In an alternative example, the step S230 may be performed by a processor invoking a corresponding instruction stored in the memory, or may be performed by a transition blur processing module 650 executed by the processor.

According to the image processing method of the above embodiment of the present application, the still image or the video frame image to be processed is detected in various manners, and the target object information in the still image or the video frame image is determined, according to the determined target object information and the object contour template. Obtaining a foreground area, a background area, and a transition area in the image to be processed, and then blurring the background area and/or the foreground area, and performing a blurring process on the transition area, so as to pass the static image Or the target object information detected by the video frame image to automatically determine the foreground area, the background area, and the transition area that need to perform the blurring process without the user manually marking the area to be subjected to the blurring process or manually performing the blurring (blurring) ) operation, improve the convenience and accuracy of the operation, and make the blur effect more natural.

3 is a flow chart of an image processing method according to still another embodiment of the present application. The image processing method of the present embodiment will be described below with an example in which a person is a target object. Here, the face key point is used as the face information.
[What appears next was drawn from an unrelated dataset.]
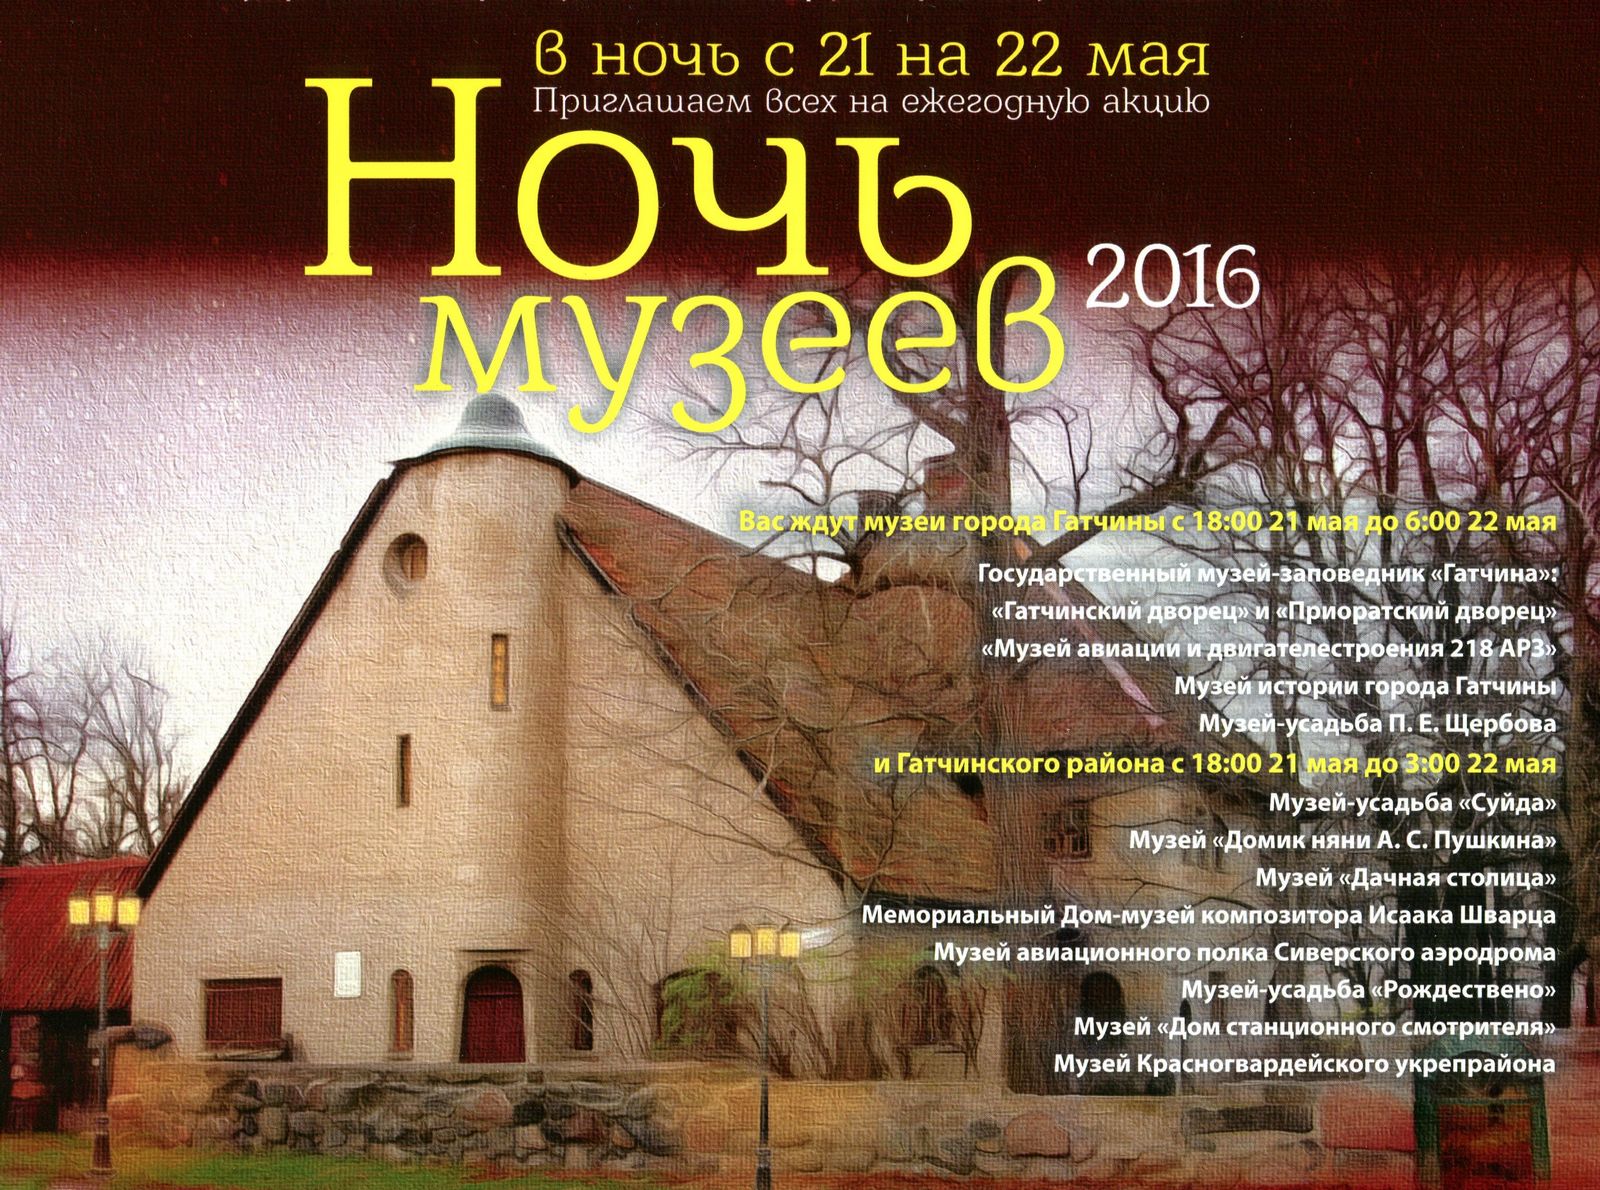 21 мая 2016 - ночь музеев
http://museum-schvarz.ru

It should be noted that the face key point is only a feasible implementation manner of the embodiment of the present application, and the face information may further include face location information, face size information, and face angle information. Any one or more of the others. Referring to FIG. 3, the image processing method of this embodiment includes:

At step S310, face information is detected from the image to be processed.

According to an implementation manner, the face key point is detected from the image to be processed by the pre-trained key point positioning model, and the detected face key point is used as the face information. An exemplary method of training a keypoint location model will be described later. Although there are differences in body type between individuals as individuals, they have commonality from the outline of the overall figure, for example, the head is elliptical and the torso is roughly triangular. 4 is a schematic diagram of an exemplary character outline template including a human body and a face contour template including a human face in the embodiment of the present application. In addition, since the person being photographed may be in a plurality of different angles and distances during the shooting of the person, it is also possible to preset a plurality of character contour templates such as a face, a half body, a portrait, a side body, etc., for matching from different shooting distances. Or the image to be processed captured by the shooting angle. Therefore, at this step S310, face angle information can also be detected from the image to be processed.

In an optional example, the step S310 may be performed by the processor invoking a corresponding instruction stored in the memory, or may be performed by the fourth object information determining unit 6105 being executed by the processor.

In step S320, a human body contour template corresponding to the face angle information is determined from among predetermined body contour templates.

In an alternative example, the step S320 may be performed by a processor invoking a corresponding instruction stored in the memory, or may be performed by a front background determination module 620 that is executed by the processor.

In step S330, a foreground area and a background area in the image are determined according to the face information and a predetermined human body contour template.

The processing of step S330 is similar to the processing of the foregoing step S120 or S221 to S229, and details are not described herein.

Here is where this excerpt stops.